Here we have done it for X_test.

PYTHON
X_test = X_test_T[features_to_keep].T
X_test.shape
OUTPUT
(15204, 256)
PYTHON
X_train.head()
OUTPUT
0123456789...263264265266267268269270271272
02.026.00.00.00.00.00.00.00.00.0...0.00.00.00.00.00.00.00.00.0117310.979016
12.023.00.00.00.00.00.00.00.00.0...0.00.00.00.00.00.00.00.00.085472.340000
22.023.00.00.00.00.00.00.00.00.0...0.00.00.00.00.00.00.00.00.0317769.240000
32.030.00.00.00.00.00.00.00.00.0...0.00.00.00.00.00.00.00.00.076209.960000
42.023.00.00.00.00.00.00.00.00.0...0.00.00.00.00.00.00.00.00.0302754.000000

5 rows × 256 columns

Now we are going to get the bring the data into the same range. StandardScaler() standardizes the features by removing the mean and scaling to unit variance.

PYTHON
scaler = StandardScaler()
X_train = scaler.fit_transform(X_train)
X_test = scaler.transform(X_test)
X_train
OUTPUT
array([[ 3.80478472e-02, -5.56029626e-01, -5.27331414e-02, ...,
        -1.87046327e-02, -1.97720391e-02,  3.12133758e-03],
       [ 3.80478472e-02, -7.87181903e-01, -5.27331414e-02, ...,
        -1.87046327e-02, -1.97720391e-02, -1.83006062e-01],
       [ 3.80478472e-02, -7.87181903e-01, -5.27331414e-02, ...,
        -1.87046327e-02, -1.97720391e-02,  1.17499225e+00],
       ...,
       [ 3.80478472e-02,  5.99731758e-01, -5.27331414e-02, ...,
        -1.87046327e-02, -1.97720391e-02, -2.41865113e-01],
       [ 3.80478472e-02, -1.70775831e-01, -5.27331414e-02, ...,
        -1.87046327e-02, -1.97720391e-02,  3.12133758e-03],
       [ 3.80478472e-02,  2.91528722e-01,  7.65192053e+00, ...,
        -1.87046327e-02, -1.97720391e-02,  3.12133758e-03]])
PYTHON
X_train.shape, X_test.shape
OUTPUT
((60816, 256), (15204, 256))

Our data is 2 dimensional but neural networks accept 3 dimensional data.
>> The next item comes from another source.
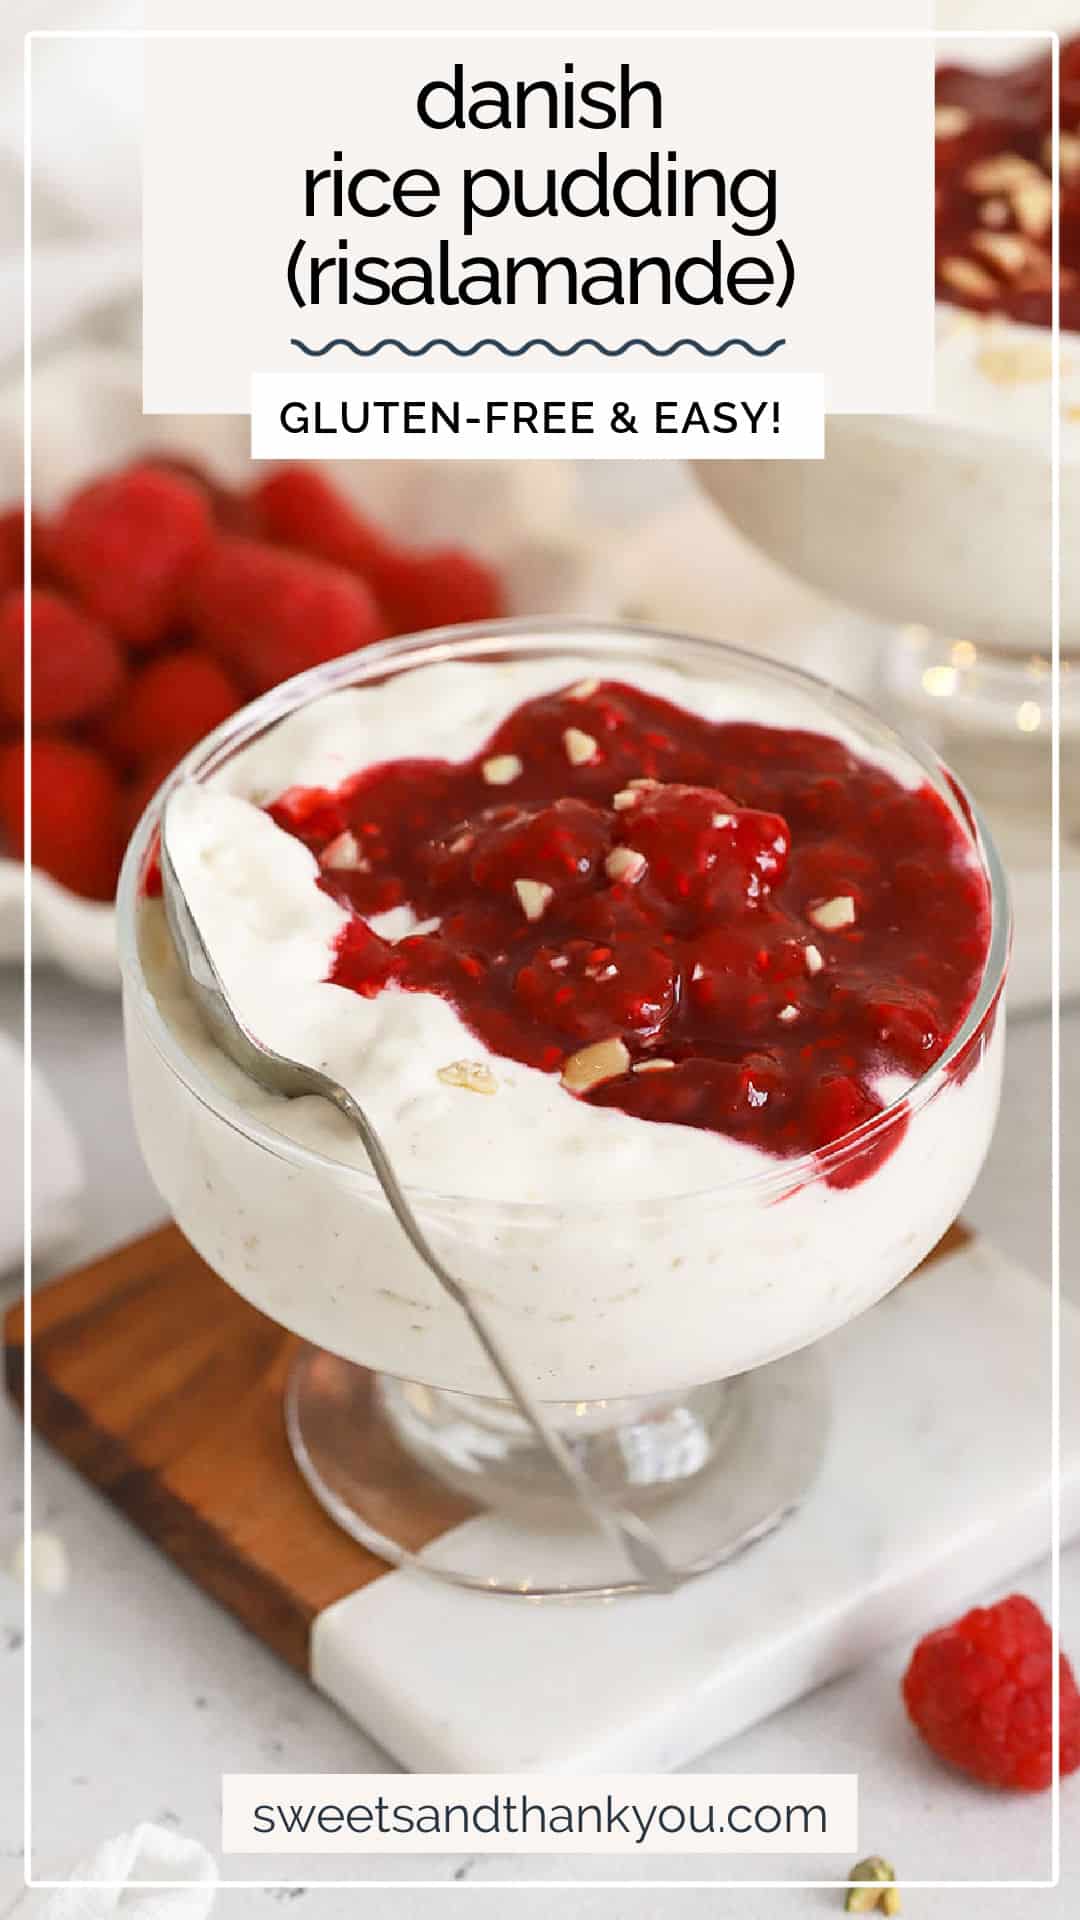 This traditional Danish Rice Pudding recipe (risalamande) is the perfect holiday dessert. Try this rice pudding with raspberry sauce or add cherry sauce! This light, festive risalamande is always a hit for a traditional Christmas Eve dessert or your holiday celebration. (Don't miss learning about the fun game you play to win the almond present when eating it!) It's the perfect gluten-free dessert to add to your Christmas dinner.

So we have to reshape() the data.

PYTHON
X_train = X_train.reshape(60816, 256,1)
X_test = X_test.reshape(15204, 256, 1)
X_train.shape, X_test.shape
OUTPUT
((60816, 256, 1), (15204, 256, 1))
PYTHON
y_train = y_train.to_numpy()
y_test = y_test.to_numpy()

Building the CNN

Sequential() model is appropriate for a plain stack of layers where each layer has exactly one input tensor and one output tensor.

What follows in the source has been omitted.